As shown in FIG. 2, the lower end of the support tube 15 provides a transition that transfers the support of the well string from the support tube 15 to a cylindrical outer side wall portion 33 concentric with, and spaced radially outward from the cylindrical interior portion 34. The exterior diameter of the outer side wall 33 is smaller than the interior diameter of the well casing 13 to form an annulus between them. The support tube interior portion 34 is provided with a bore 35 at its lower end which is smaller in diameter than the central bore 36. The injection tube 14 has a bare portion 37 which extends downwardly through the bore 35 to terminate in the heater array. The transition between the electrical cable and heater regions and the support tube and injection tube regions occurs within the lower cylindrical portion of the support tube 15. The cylindrical outer wall 33 of the support tube 15 below the heater region is reduced in diameter and provided with a connection 20 which allows the attachment of conventional packers and expansion joints 21 that will direct the steam to the reservoir face (FIG. 1).

As shown in FIG. 3, the electrical cables 11 comprise eighteen power cables P and three neutral cables N disposed circumferentially about the periphery of the support tube 15. The cables 11 are divided into three sectors with each sector being supplied with a separate phase of three-phase electricity The power cables which carry phase 1 current are designated as P1, phase 2 as P2, and phase 3 as P3. The cables 11 can support their own weight and clamps 17 are spaced intermittently along the support tube length to provide a well bore annulus. The ends of the clamps 17 are held together by a piano type hinge and pin arrangement 39 which surrounds the cables allowing the outside diameter to be free of any projections. The cables 11 are armored to prevent any abrasion of the cable insulation by the clamps.

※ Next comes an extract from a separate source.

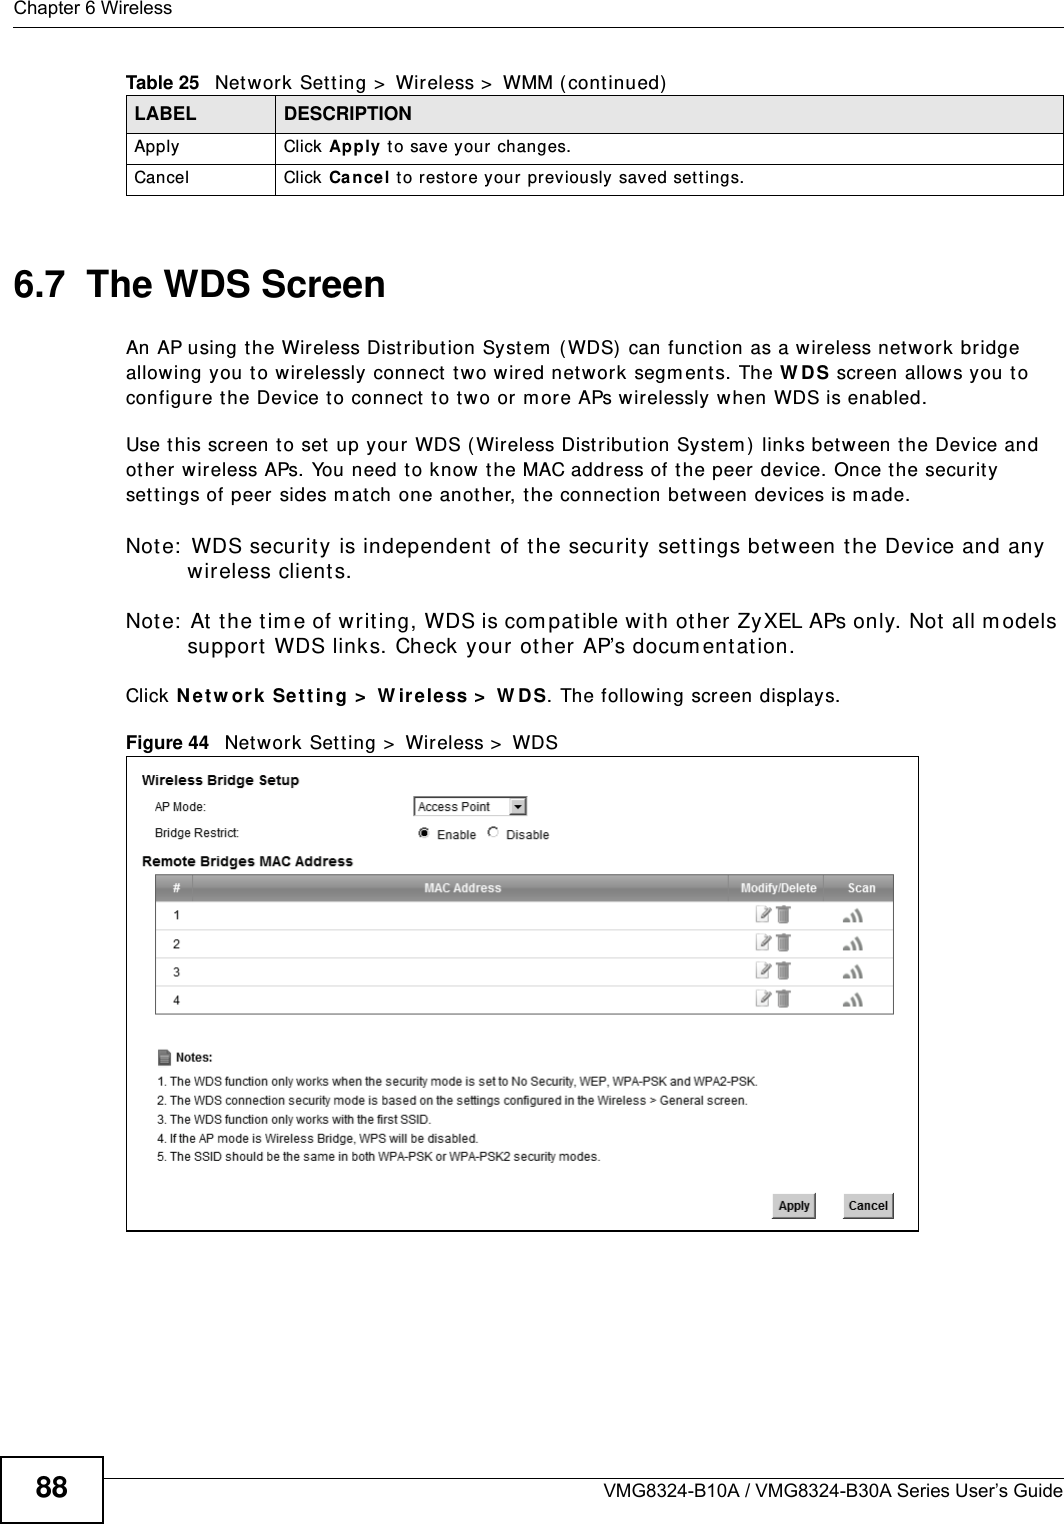 Chapter 6 WirelessVMG8324-B10A / VMG8324-B30A Series User’s Guide886.7  The WDS ScreenAn AP using t he Wireless Dist ribut ion Syst em  ( WDS)  can function as a wireless net work bridge allowing you t o wirelessly connect t wo wir ed network segm ent s. The W DS screen allows you t o configure the Device t o connect t o t w o or m ore APs wirelessly when WDS is enabled. Use t his screen to set up your  WDS ( Wireless Dist ribution System ) links bet ween t he Device and ot her wireless APs. You need to know the MAC address of t he peer  device. Once the security sett ings of peer sides m at ch one anot her, t he connect ion bet ween devices is m ade. Note:  WDS security is independent  of t he securit y set t ings between t he Device and any wireless client s.Not e:  At t he t im e of writ ing, WDS is com pat ible with ot her ZyXEL APs only. Not all m odels support WDS links. Check your other AP’s docum ent ation.Click N et w or k  Set t ing &gt;  W ireless &gt;  W DS. The following screen displays.Figure 44   Net work Set t ing &gt;  Wireless &gt;  WDSApply Click Apply t o save your  changes.Cancel Click Ca n cel t o restore your prev iously saved sett ings.Table 25   Net work Set t ing &gt;  Wireless &gt;  WMM ( cont inued)LABEL DESCRIPTION

As shown in FIG. 2, a segmented flange 40 extends radially outward from the support tube 15 a distance above the top of the enlarged cylindrical side wall 33 portion. Three neutral cables N are brazed to the flange 40 and the cable circle is increased in the transition region below the flange allowing cable seals 41 to be installed on the top wall 42 of the cylindrical lower portion of the support tube 15. FIG. 4 shows the cable arrangement in this region.

A cylindrical flange 38 extends radially between the interior portion 34 and the cylindrical outer side wall of the support and has circumferentially spaced apertures which receive the down leg of the heating elements 30 to locate the heating elements in their radial positions.

The heating elements 30 are divided into three groups with each group being supplied with a separate phase of three-phase electricity by the power cables (FIGS. 3 and 4). The heating elements 30 are formed in "U" shape so that each heater provides two passes through the boiling region. The return (up) leg of each heating element is grounded to each other by brazing each one to the bottom of the the support tube structure to form the grounded neutral. This arrangement minimizes the number of heaters, as well as permitting the heaters to be grounded (neutral) to the support tube structure. Any neutral current flow travels only a short distance through a jointless section of the structural assembly.

In order to improve the reliability of the high voltage connection between the cable and the heater, one power cable is connected to the down leg of each heating element and the high voltage connection 43 is enclosed in the structure between the top wall 42 and the flange 38. This cable arrangement permits the use of somewhat higher system voltages thereby reducing the current flow and allows the use of smaller cables.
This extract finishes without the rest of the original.